"Aku sama temen-temen mau beli bola, Nek!" Amad membalas tatapan Heryani, bibirnya manyun, dahinya mengerut kesal karena Heryani tak lantas memberikan apa yang dia mau.
"Gak usah beli beli bola, Amad! Udah main aja sama Dafit di rumah! Di luar juga panas, nanti kamu sakit!" timpal Heryani tidak mau mengalah.
Amad berontak, seperti biasa, dia selalu marah setiap kali keinginannya tidak terpenuhi. Dia menjatuhkan tubuhnya pada sofa, bergeliat bak cacing kepanasan, memaksa neneknya untuk memberikan apa yang dia inginkan, sementara kelima temannya masih setia menunggu di luar gerbang.
Sesekali mereka menyeru, memanggil nama Amad dengan lantang. Namun, tidak ada satupun dari kelima anak itu berani masuk, pasalnya Heryani yang pernah memarahi mereka karena pernah bertengkar dengan Amad sewaktu main dulu.
"Gak mau ah, masa main sama Dafit, Dafit juga masih kecil atuh, Nek, belum bisa apa-apa," bantah Amad yang masih berguling di tempat.
"Gak ada, Nenek gak ada uang. Bunda kamu belum ngasih Nenek uang," tolak Heryani, dia terkekeh. Mencoba untuk tidak mempedulikan rengekan cucunya tersebut.
"Sepuluh ribu aja, Nek, ih. Masa gak ada sih uang segitu, pelit banget."
"Amad! Kamu itu kenapa sih? Anak-anak Nenek semuanya baik, loh, gak ada yang seperti kamu. Bunda kamu juga baik banget sama Nenek, dia gak pernah marah-marah dan bersikap kayak kamu begini." Heryani melirik Amad dengan sorot tajam, kedua tangannya berkacak pinggang mengamati anak laki-laki yang kini berdiri di hadapannya.
"Ari kamu kenapa begini? Ngikutin siapa? Pasti sifat kamu nurun dari ayah kamu, nakal, suka marah-marah, soalnya bunda kamu mah orangnya solehah?" ucapnya, kembali memuji anak-anaknya.
"Apa sih, Nek, gak jelas banget. Udah sih minta uang buat bola aja. Lagian teman-teman yang lain juga ikutan bayar, masa aku aja yang enggak bayar, kan malu!"
"Kamu mah udah dimarahin, masih aja gak mau denger ya, Amad. Tika, ini siapa sih yang ngajarin Amad minta minta uang seperti ini?" Kini pandangan Heryani teralihkan setelah kehadiran Tika di ruangan tersebut.

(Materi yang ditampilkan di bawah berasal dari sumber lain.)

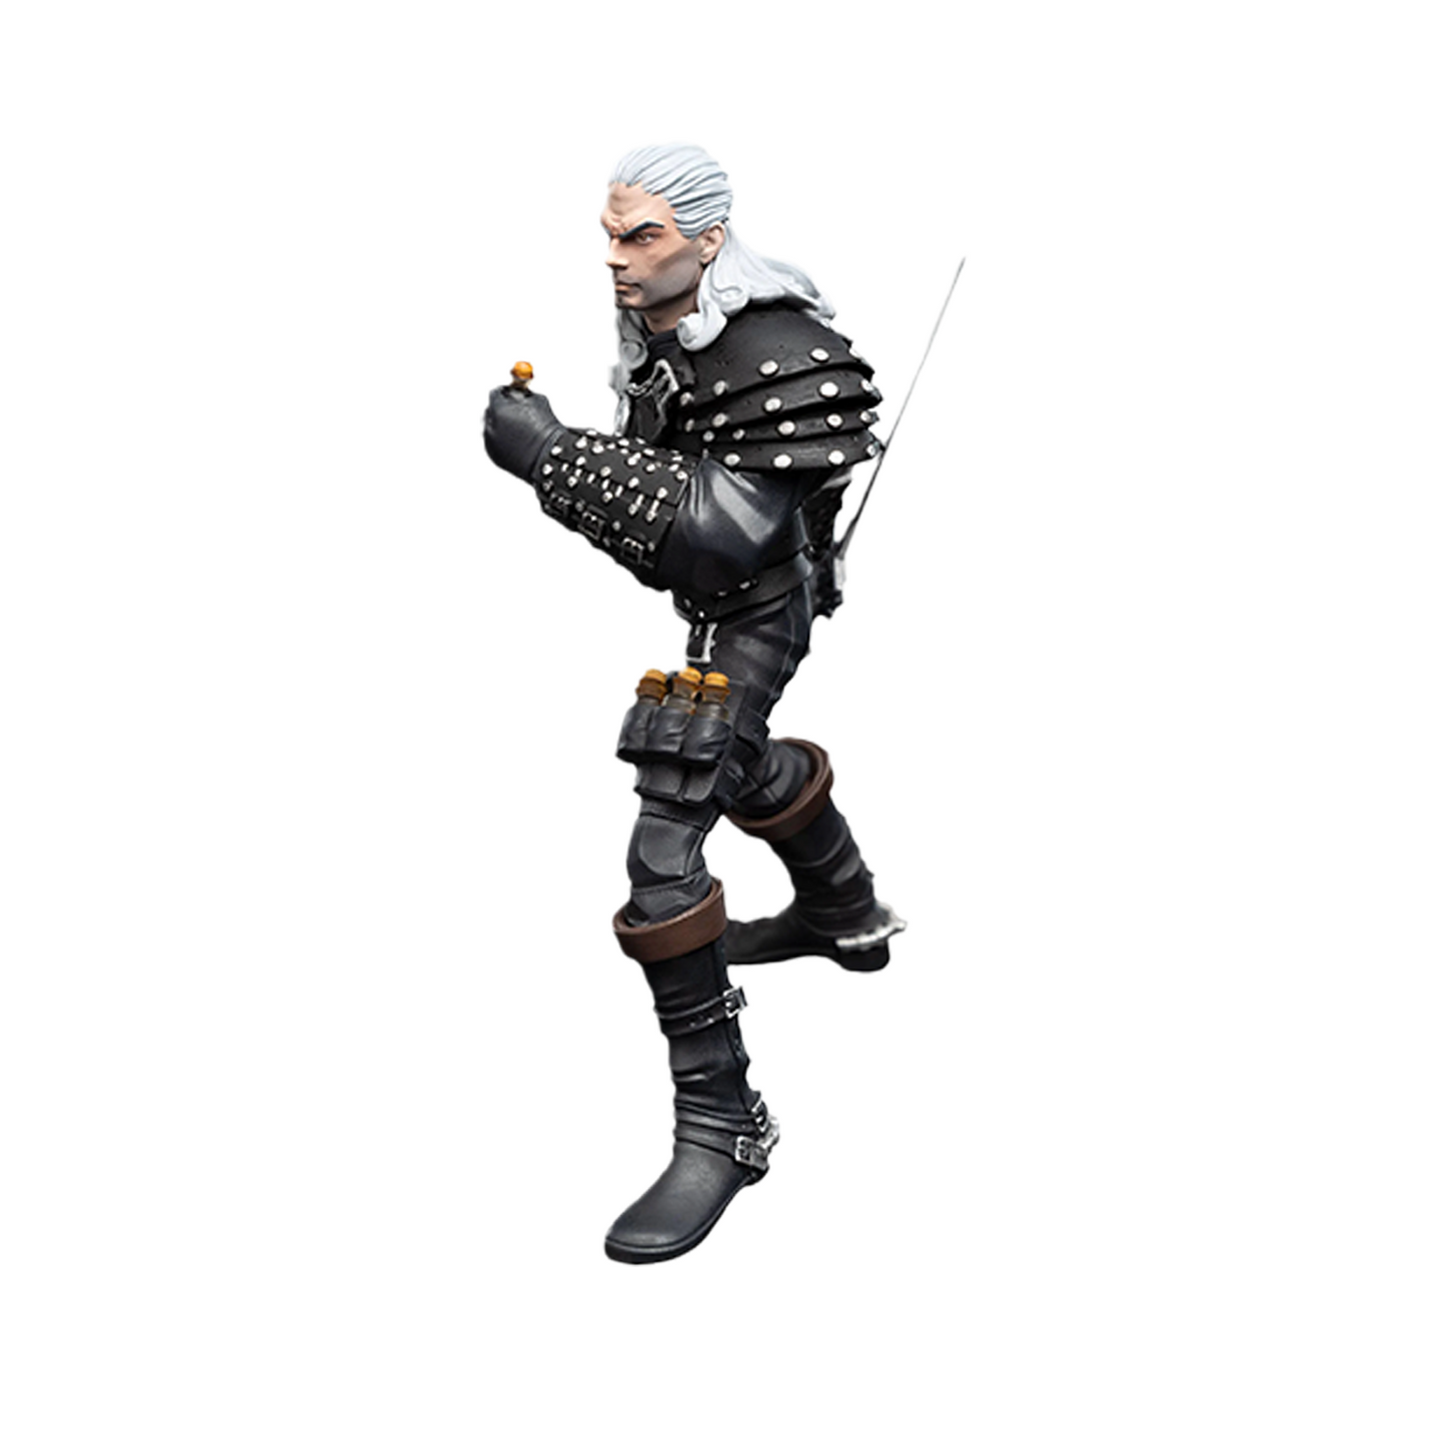 Weta Mini Epic figure of Geralt of Rivia character side view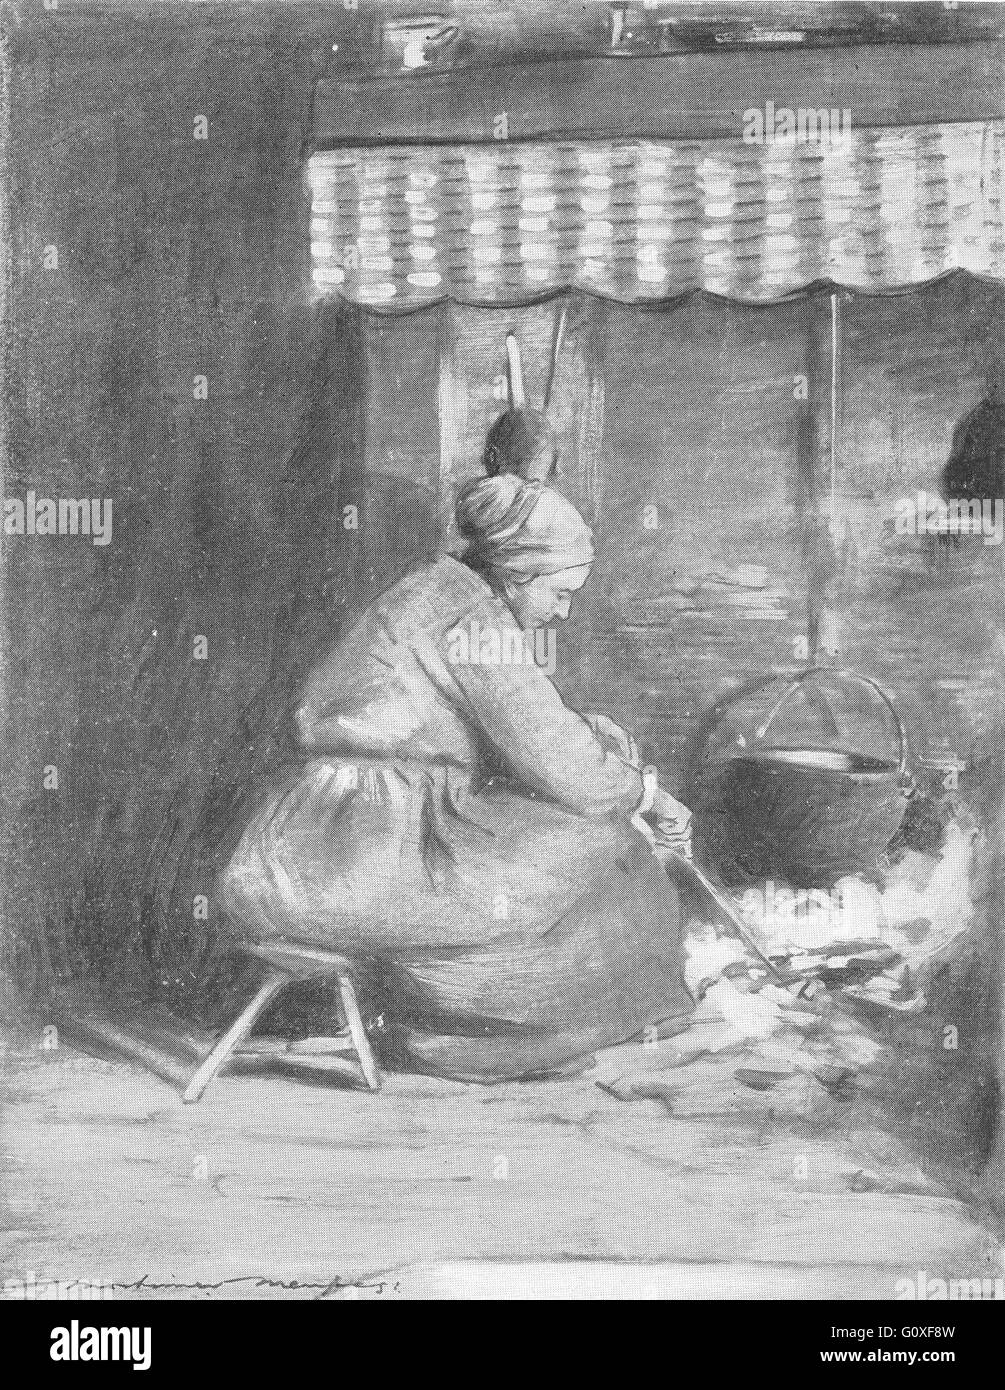 FRANCE: Normandy: An Old-fashioned Hearth, vintage print 1920 Stock Photo

Tika berdesis, jengah rasanya terus-menerus disangkut pautkan dengan semua permasalahan yang ada di keluarga majikannya. Jika bukan karena kebutuhan, dan gajinya yang lumayan, mana mau Tika tetap berada di sana.
Hari-hari berganti, tetapi perlakuan mereka tetap sama, Tika tidak berharap banyak, dia sadar dengan posisi dia yang hanya seorang asisten rumah tangga sekaligus pengasuh di sana, tapi apa salahnya jika dia diperlakukan dengan baik?
Amad masih mematung dengan tangan kosong yang mengarah pada wajah neneknya, tentu saja itu membuat Heryani tambah kesal, sayangnya Heryani melampiaskan kemarahannya kepada Tika, hingga Tika kembali menjadi sasarannya.
"Katanya mau beli bola, Bu," jawab Tika, berterus terang. Nada bicaranya merendah.
"Bola apaan sih, Amad?" Heryani kembali mengarahkan pandangannya pada anak laki-laki tersebut.